Florida Hospital Association General Counsel Bill Bell said the ruling could open the doors to “hundreds if not thousands of lawsuits” and predicted that the hospital would most likely to advantage of its legal options. 

Meanwhile, Humana spokesperson Mitch Lubitz called the ruling “a tremendous victory for consumers in Florida.” 

The appellate court did, though, reverse the lower court’s decision that managed care organizations could take Medicaid and Medicare reimbursements into consideration when determining what charges are “usual and customary” and remanded the case back to the Baker County court with further instructions.

The underlying issue in the suit stems from a disagreement over what Fraser Memorial gets  paid for treating patients of Aetna Health Management or Humana Medical Plan when they show up in the emergency department. Neither insurer has a contract with the hospital. 

The  hospital has been billing the health plans its "master" charges, or retail rate. But the plans have been reducing those charges, paying Fraser Memorial about what they pay other hospitals.

Fraser Memorial took the HMOs to court, seeking declaratory relief.

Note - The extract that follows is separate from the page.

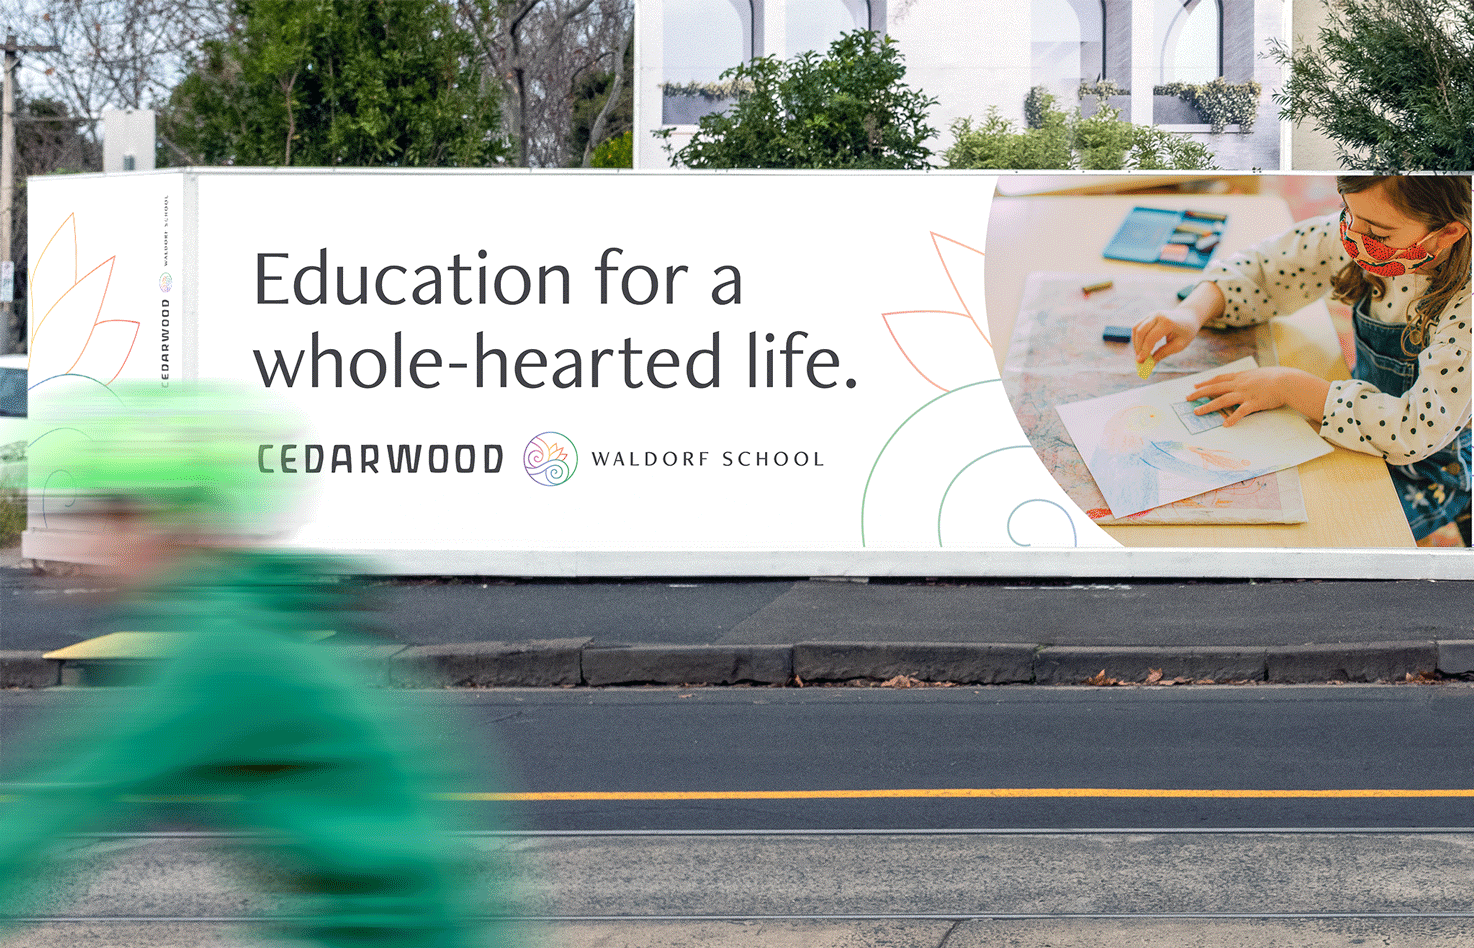 Cedarwood-Waldorf-School-education-marketing-advertising-branding.png

But the Baker County judge decided that the HMOs did not have to pay full charges; instead, they could take into consideration not only what other hospitals pay for similar services, but also what Fraser collects from a wide variety of payers, including Medicare and Medicaid. 

Because the government programs' payments are lower -- in the case of Medicaid, far lower -- than those negotiated with private insurers, this would have had a dramatic effect on the pay rates.

The hospital appealed to the First DCA, which affirmed the Baker County decision in part. “In the context of the statute, it is clear what is called for is the fair market value of the services provided. Fair market value is the price that a willing buyer will pay and a willing seller will accept in an arm’s-length transaction.”

However, the panel disagreed with the lower court judge, Mark W. Mosley, when it came to factoring in payments from Medicare and Medicaid. Because the rates are set by government, they cannot be considered an  “arm’s-length transaction.”

The FHA's Bell said that if the ruling stands, it will create an administrative nightmare for hospitals.

“More questions have been raised than answered on the decision,” he said.

--Christine Jordan Sexton is the health care writer for Florida Tribune, a new media company in Tallahassee.  Mary Jo Melone, an independent journalist in Tampa, contributed to this report.